二人は浄観に呼び出されてここまで来たのだが、待ち合わせ時間から三十分立っても当の浄観は現れない。
もう帰っていいだろう、と錬は思っていた。遅刻するほうが悪いのだ。
「もういいじゃん、焔。あいつ来ないよ絶対。温泉行こう! はやく!」
錬にゆらゆらと揺さぶられて、焔の心も揺れる。正直帰りたい。でも後が怖い。勝手に帰ったら右足を縊り落とされる可能性がある。
「温泉は仕事が終ってからにしてください。最もそんな元気があればですけど」
背後から声が聞こえて錬が振り返ると、そこには浄観が立っていた。僧形である。
しまった。ぐずぐずしていたから来てしまった。ちっと浄観に聞こえるか聞こえないかの音で錬は舌打ちをした。
「呼び出しといて遅刻か!」
焔が吠えた。
「なぜ二上くんのお兄さんがいるんですか」
浄観は焔に問いかけたが、錬は焔に答えさせず、すかさず答えた。
「そんなことは僕の勝手だろう? 僕は君の眷属じゃないんだから、君の思い通りになると思わないでほしいね」
浄観はすっと目を細めて錬を見やった。
「……まあ、いいです」
それ以上は何も言わず、浄観は踵を返してスタスタと歩いていく。
「おい、どこでなにするつもりなんだよ。ちゃんと説明しろ!」
吼える焔に、浄観は一言だけ答えた。
「登山ですよ」
「登山?」
「え、まじで? この靴、先週天王寺で買ったばかりの新品なのに」
錬が不平を鳴らした。
「だったらあなたはここで帰ったらいいでしょう?」
「そういうお前もその格好で山登んのか?」
焔が思わず聞いた。いくらなんでも今どき草鞋では山登りしにくいんではないだろうか。。
「大丈夫ですよ。慣れてますし」
「へえー」
焔は素直に関心した。
「で、山登ってなにするんだ」
浄観はその焔の問いには答えず歩き出した。焔はさらに言い募ろうとしたが、右足首のアンクレットが突然きつくなったので、黙って浄観に従って歩くしかなかった。
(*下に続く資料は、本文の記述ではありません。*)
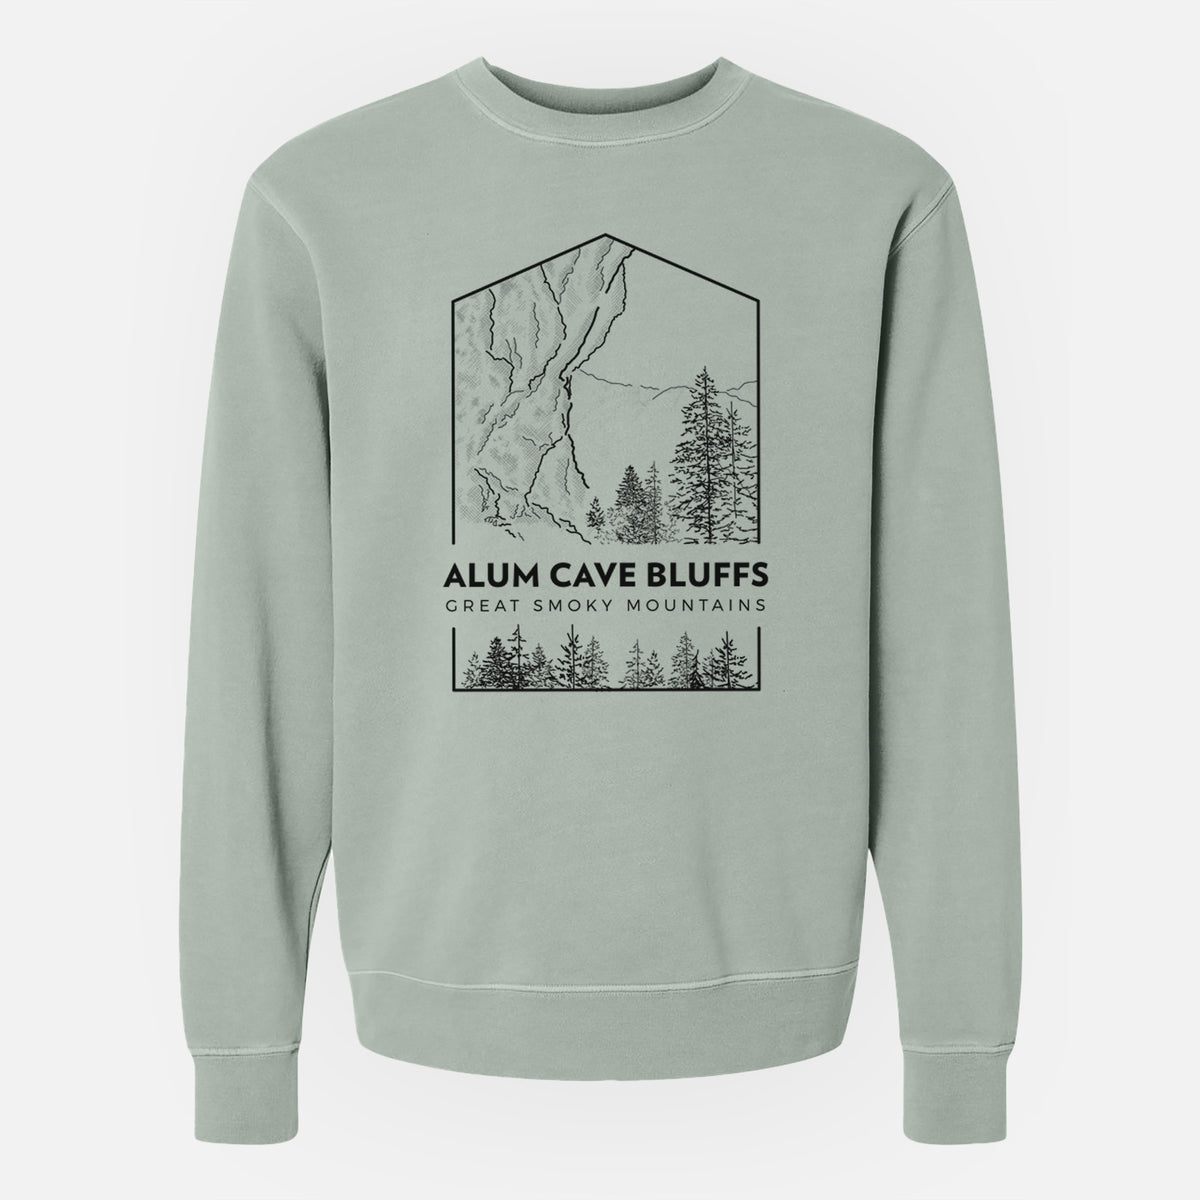 Alum Cave Bluffs - Great Smoky Mountains National Park - Unisex Pigment Dyed Crew Sweatshirt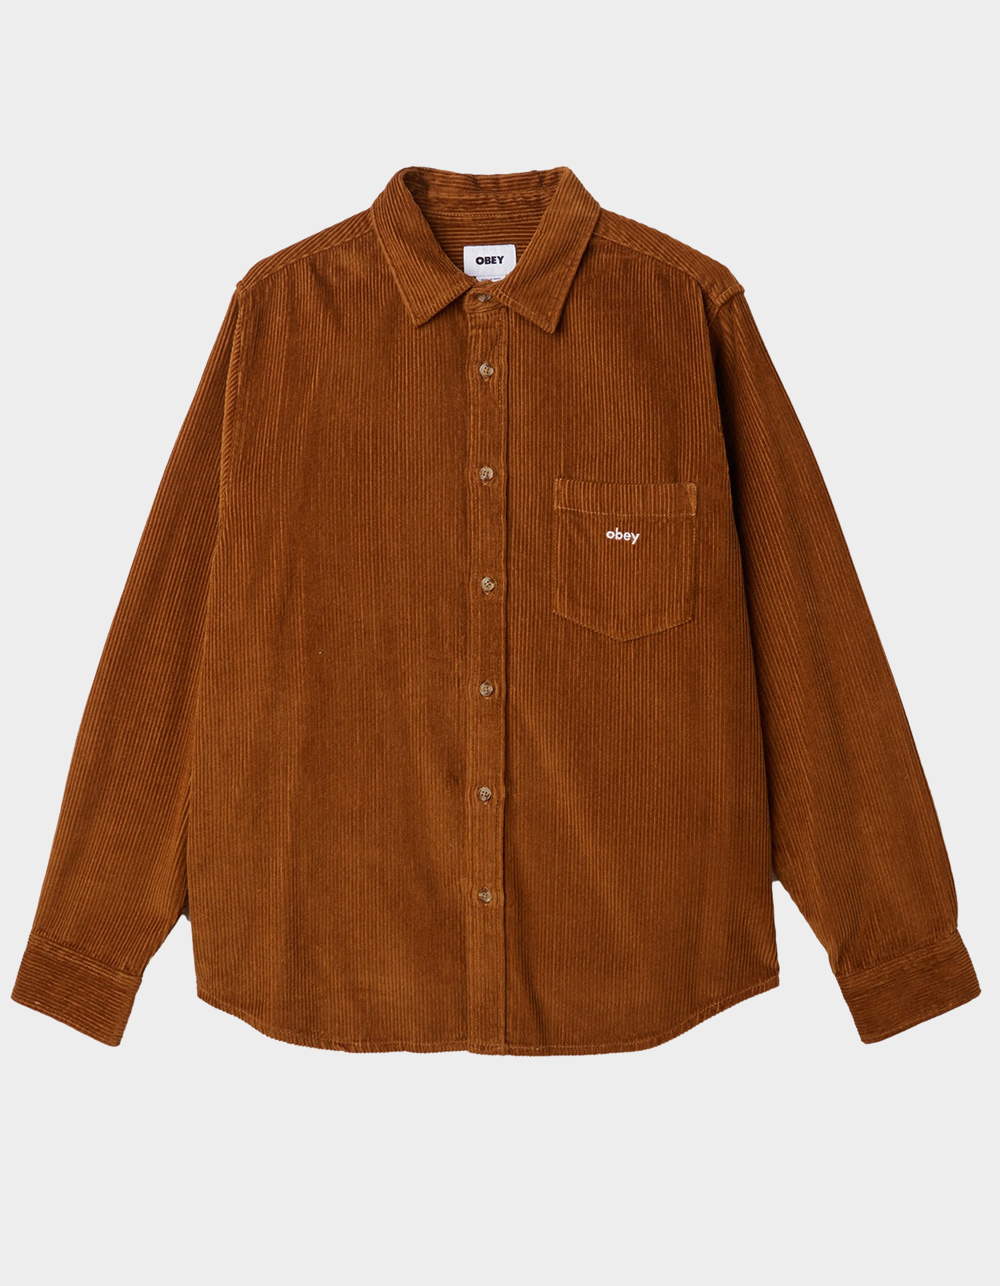 OBEY Miles Mens Woven Shirt

浄観はいのしし避けの柵を押して、迷うことなく林の中の道へと入っていく。最初は広かったその道も、やがて幅が狭くなり、最後にはけもの道と呼べるかどうかもあやしい道なき道となっていった。普通の人間ではとても歩けないような険しい道だ。しかし、そんな険しい道を浄観は草履で苦もなく進んでいく。
最初のうちは、二上兄弟も浄観に遅れまいと必死に歩いていた。草や低木に傷つけられて、服が傷だらけになっても必死に歩いた。浄観が平気な顔をしているのに、自分たちが歩くのに苦労しているということに気付かれたくなかったのだ。しかし、舗装されていない道の歩きにくさは想像を絶し、滑落しそうになること数度、二人の体力は限界に近づいていた。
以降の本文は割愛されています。